**Problem to work on**
Repeat every entry word for word. Images do not belong in the copy.

[Collection entries]
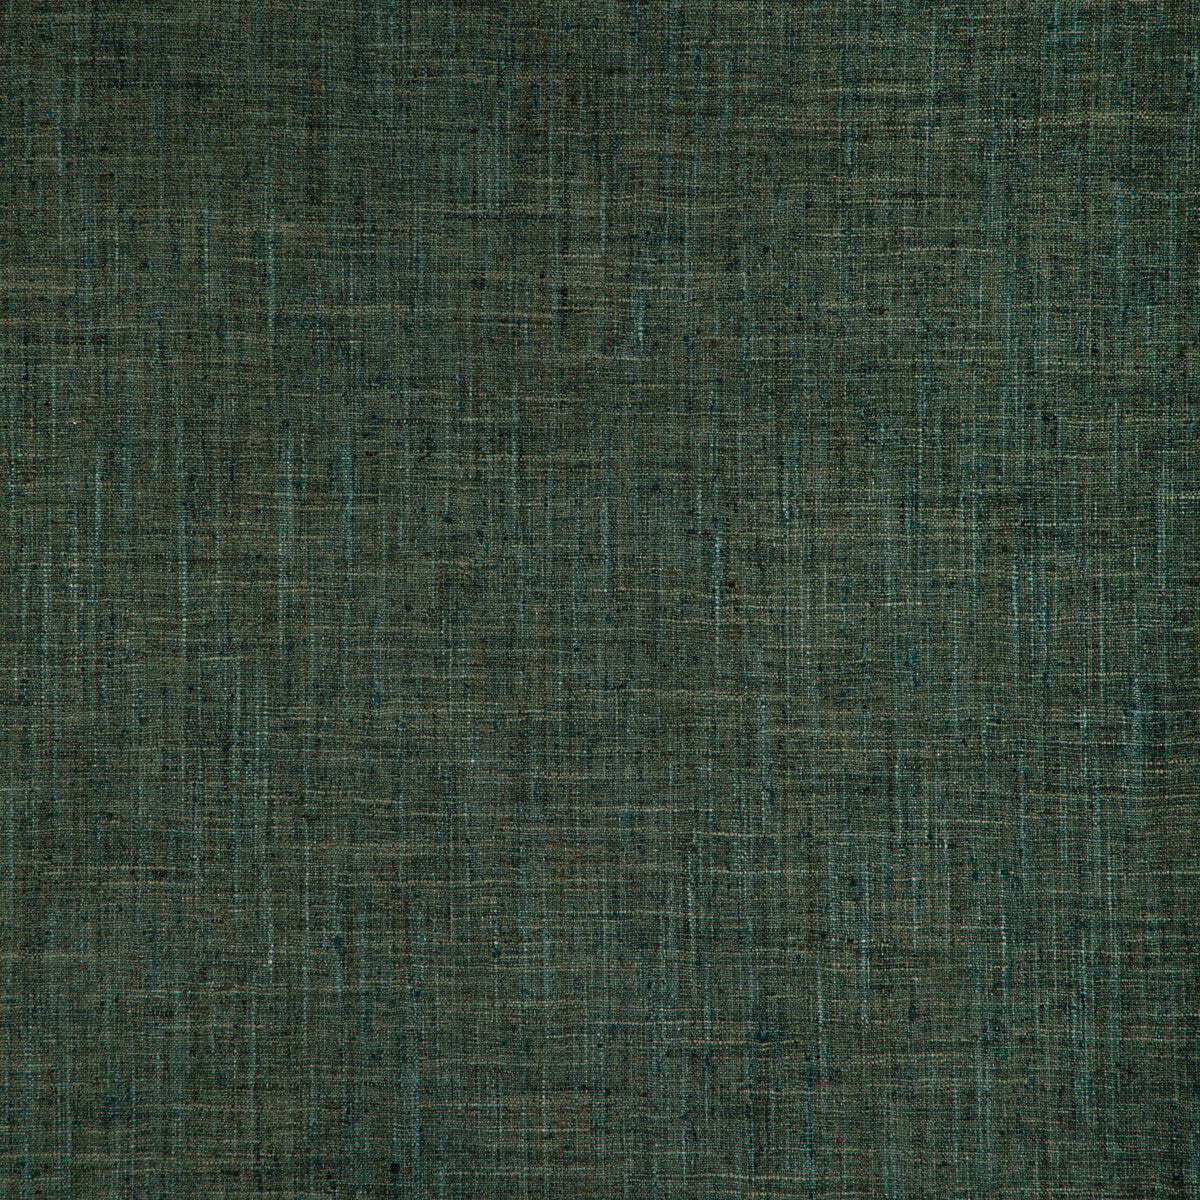 Kravet Smart fabric in 34983-316 color - pattern 34983.316.0 - by Kravet Smart
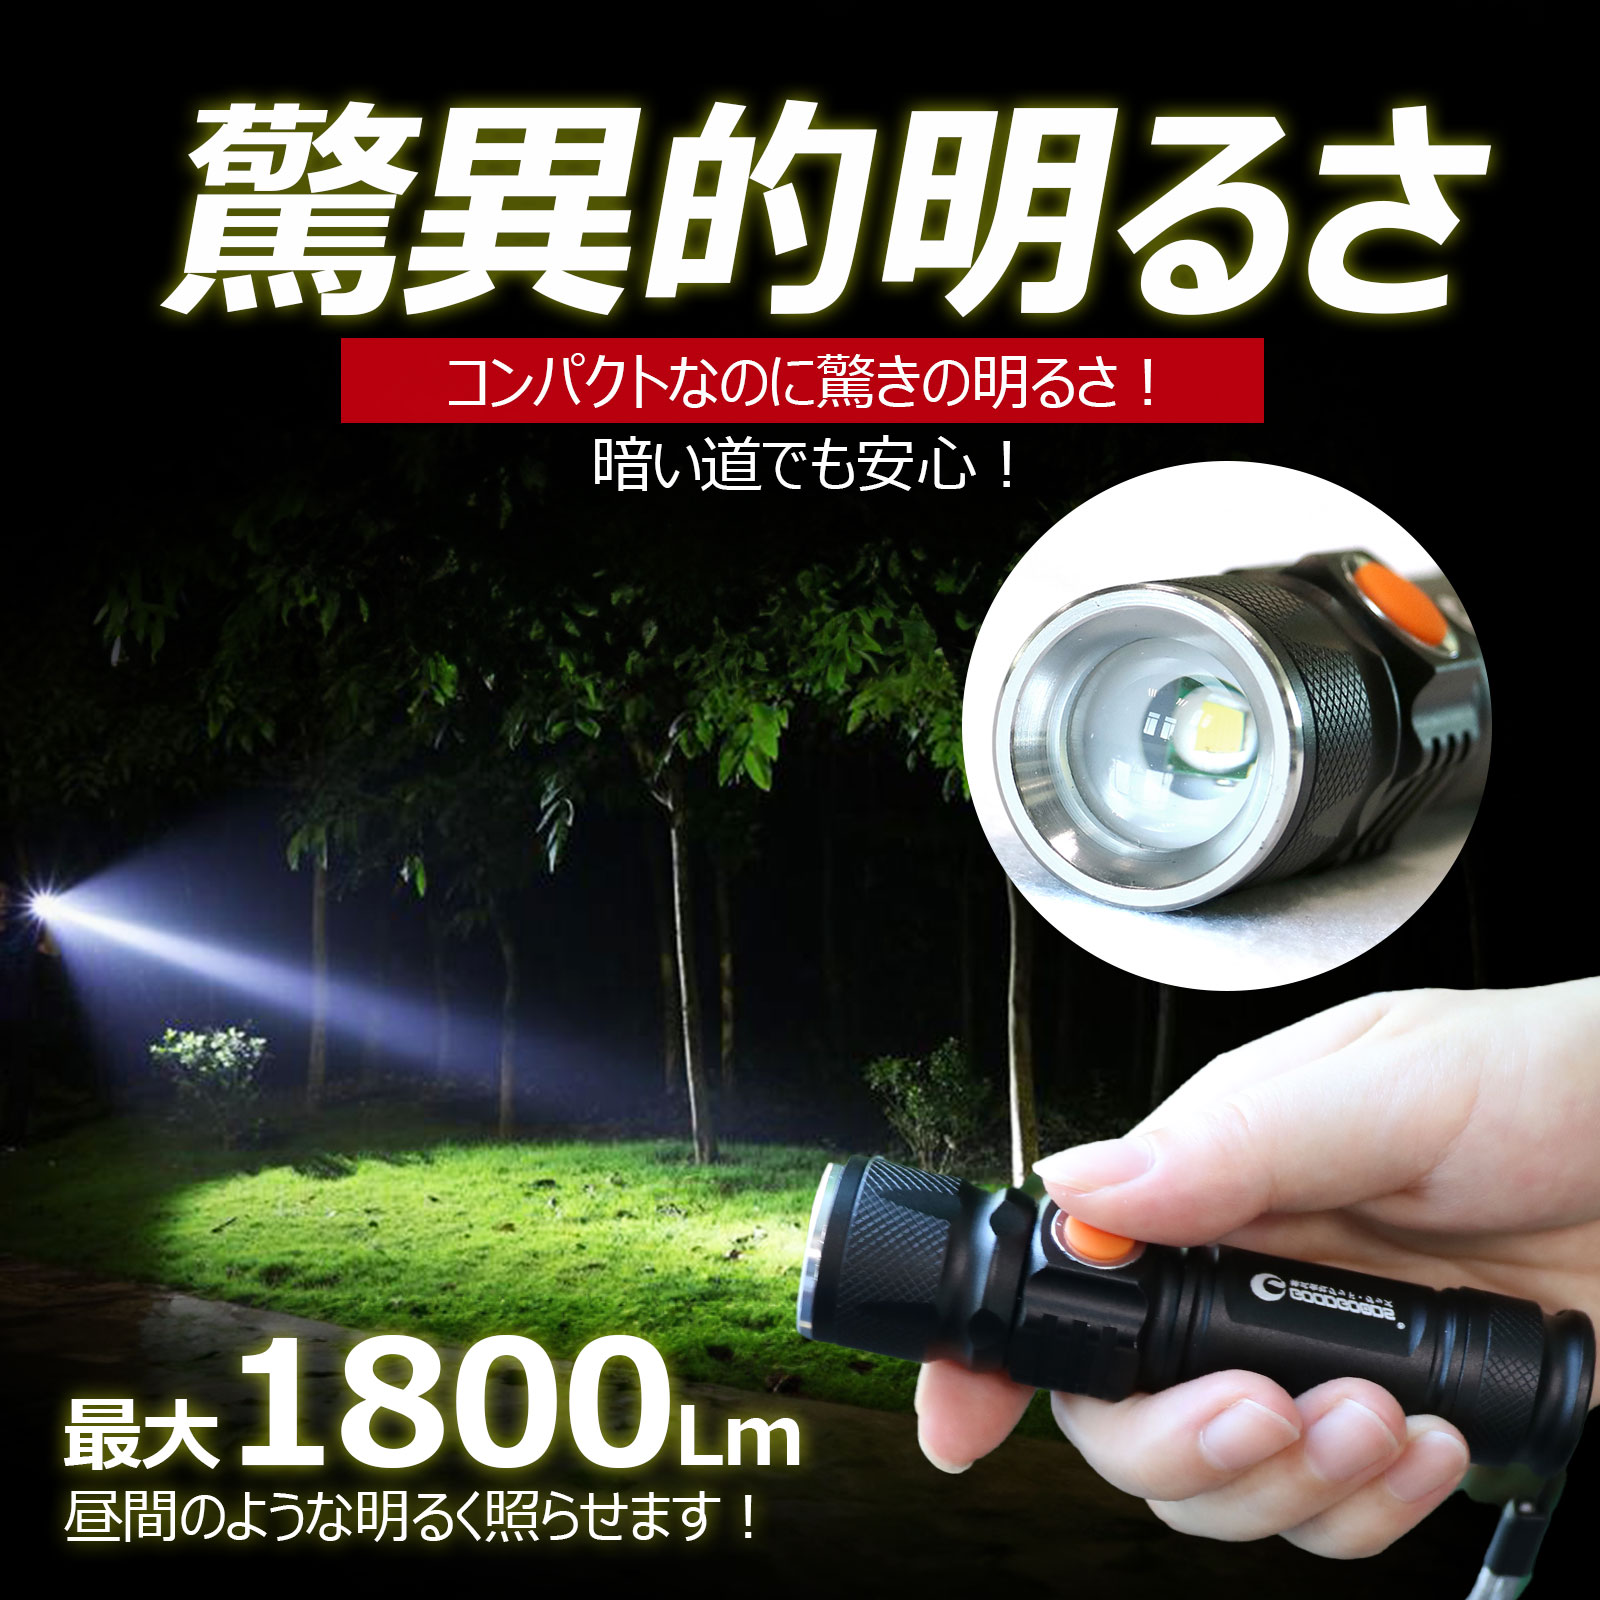 LEDライト 懐中電灯 強力 1800lm 充電式 ズーム機能付き
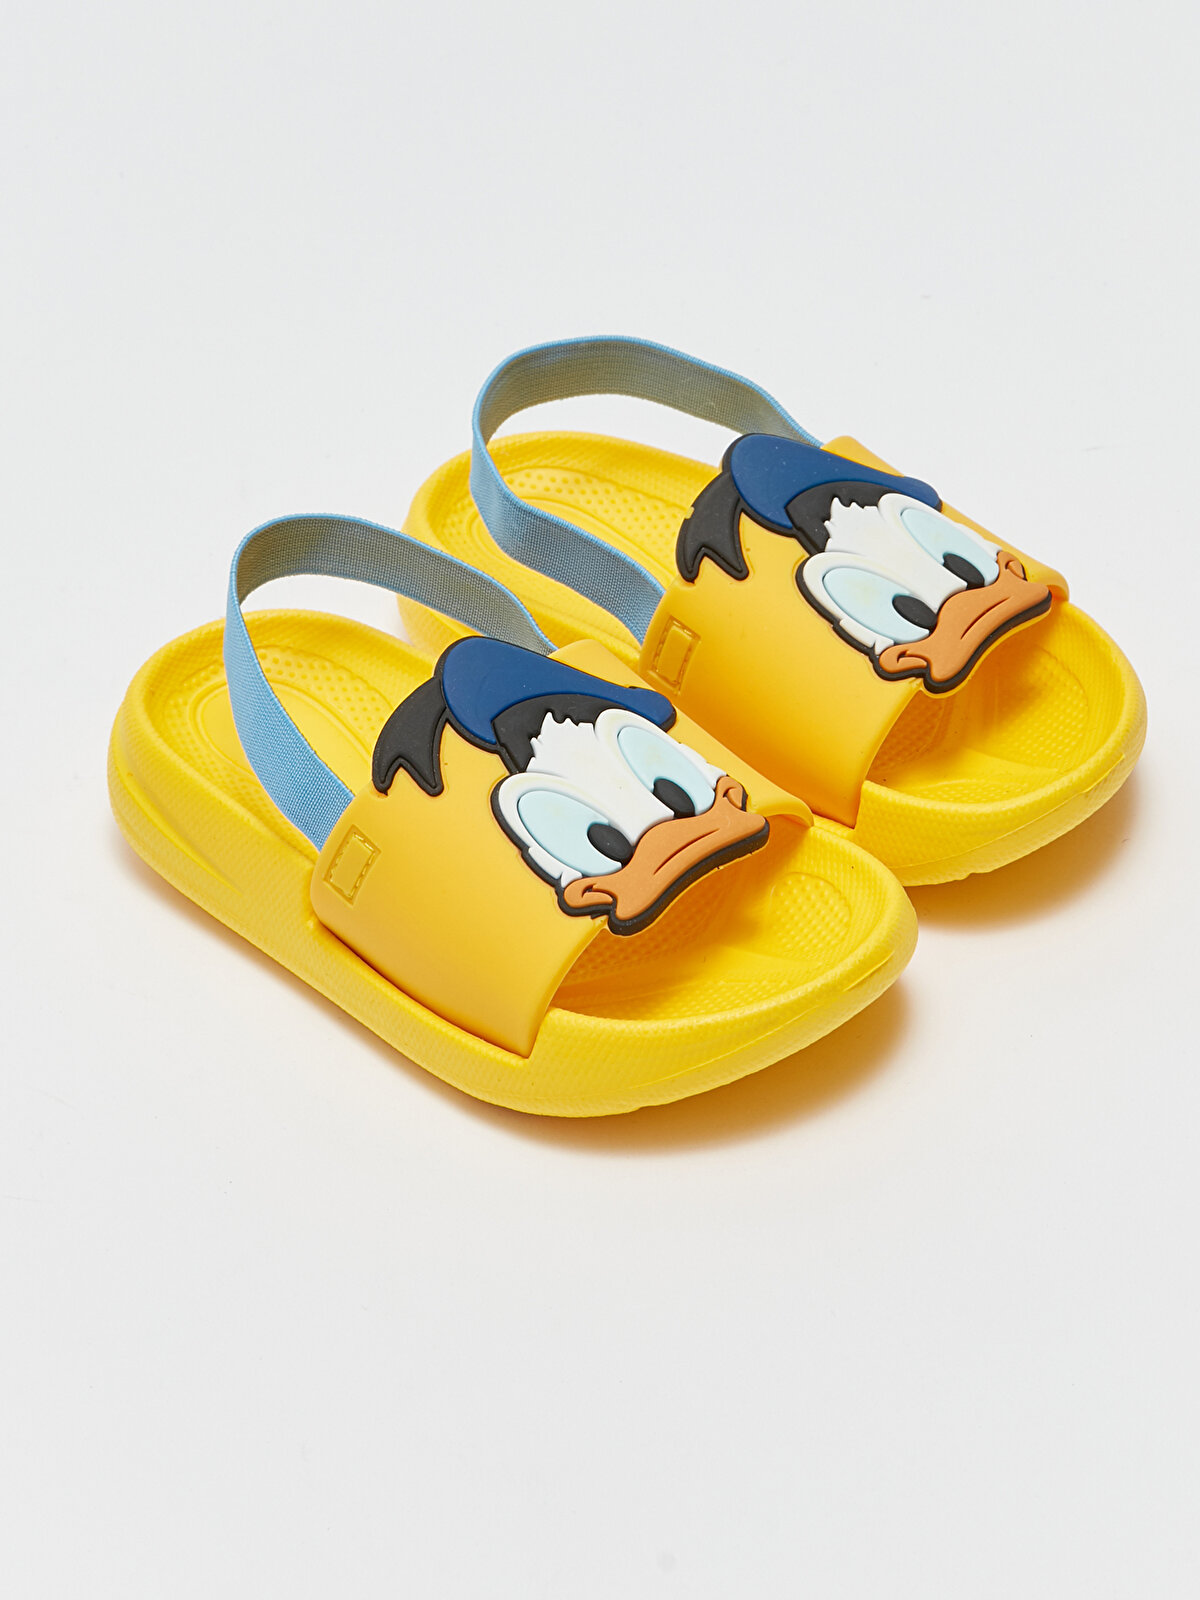 Mickey Mouse Adult Men's Comfort Slide Sandals - Walmart.com
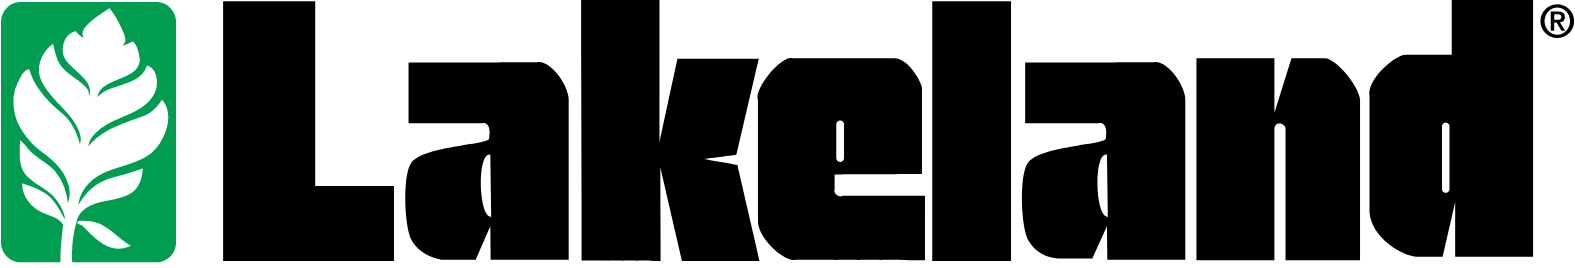 Lakeland Industries
 logo large (transparent PNG)
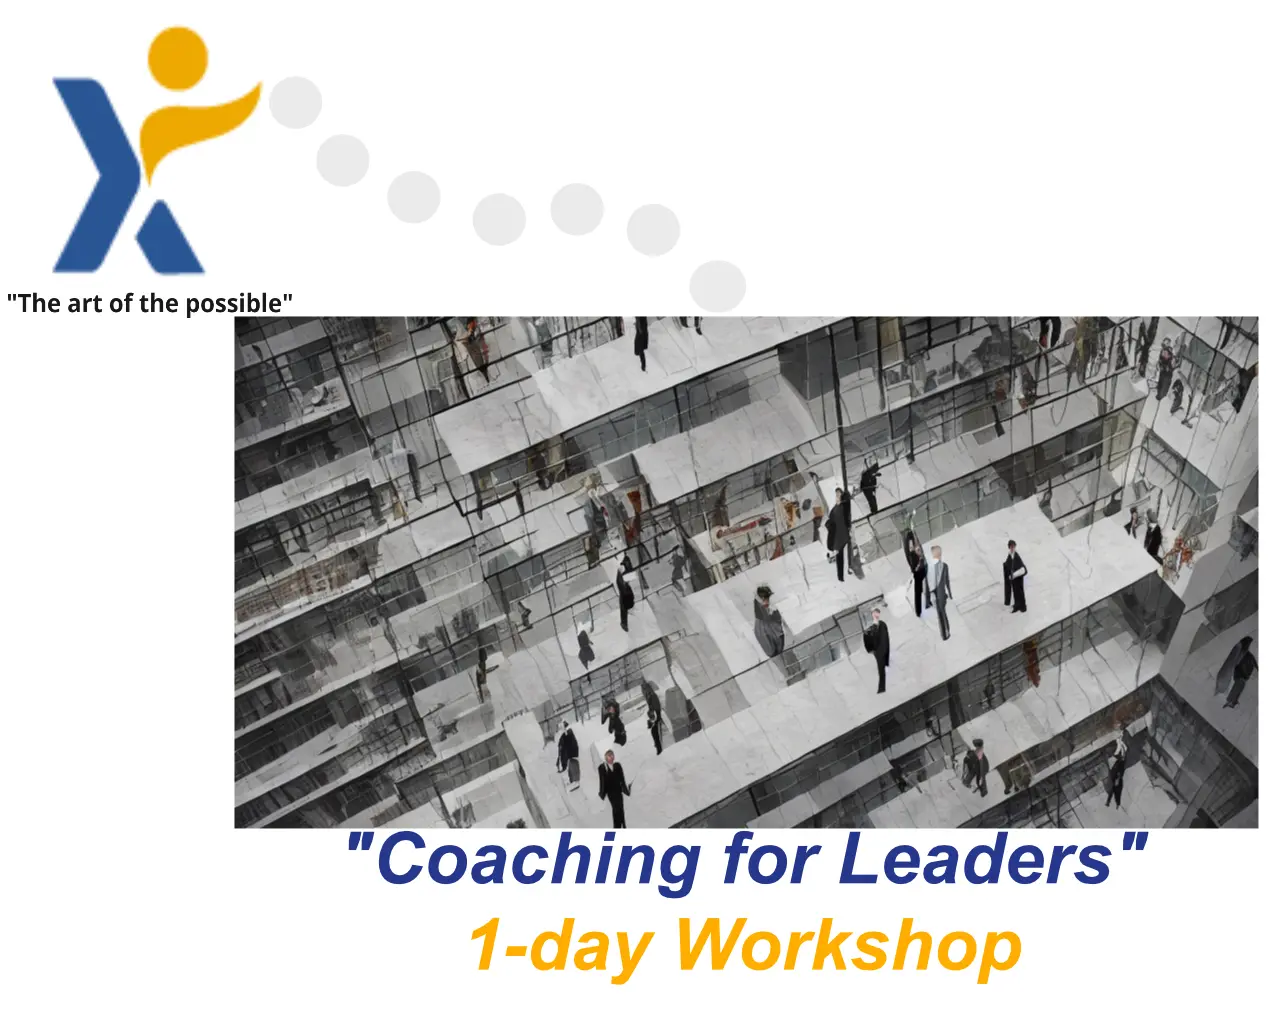 XploreAgile's Coaching for Leaders 1-day workshop

**Output for this task**
 Kravet Smart fabric in 34983-316 color - pattern 34983.316.0 - by Kravet Smart
 LEDライト 懐中電灯 強力 1800lm 充電式 ズーム機能付き
 Mickey Mouse Adult Men's Comfort Slide Sandals - Walmart.com
 Lakeland Industries
 logo large (transparent PNG)
 XploreAgile's Coaching for Leaders 1-day workshop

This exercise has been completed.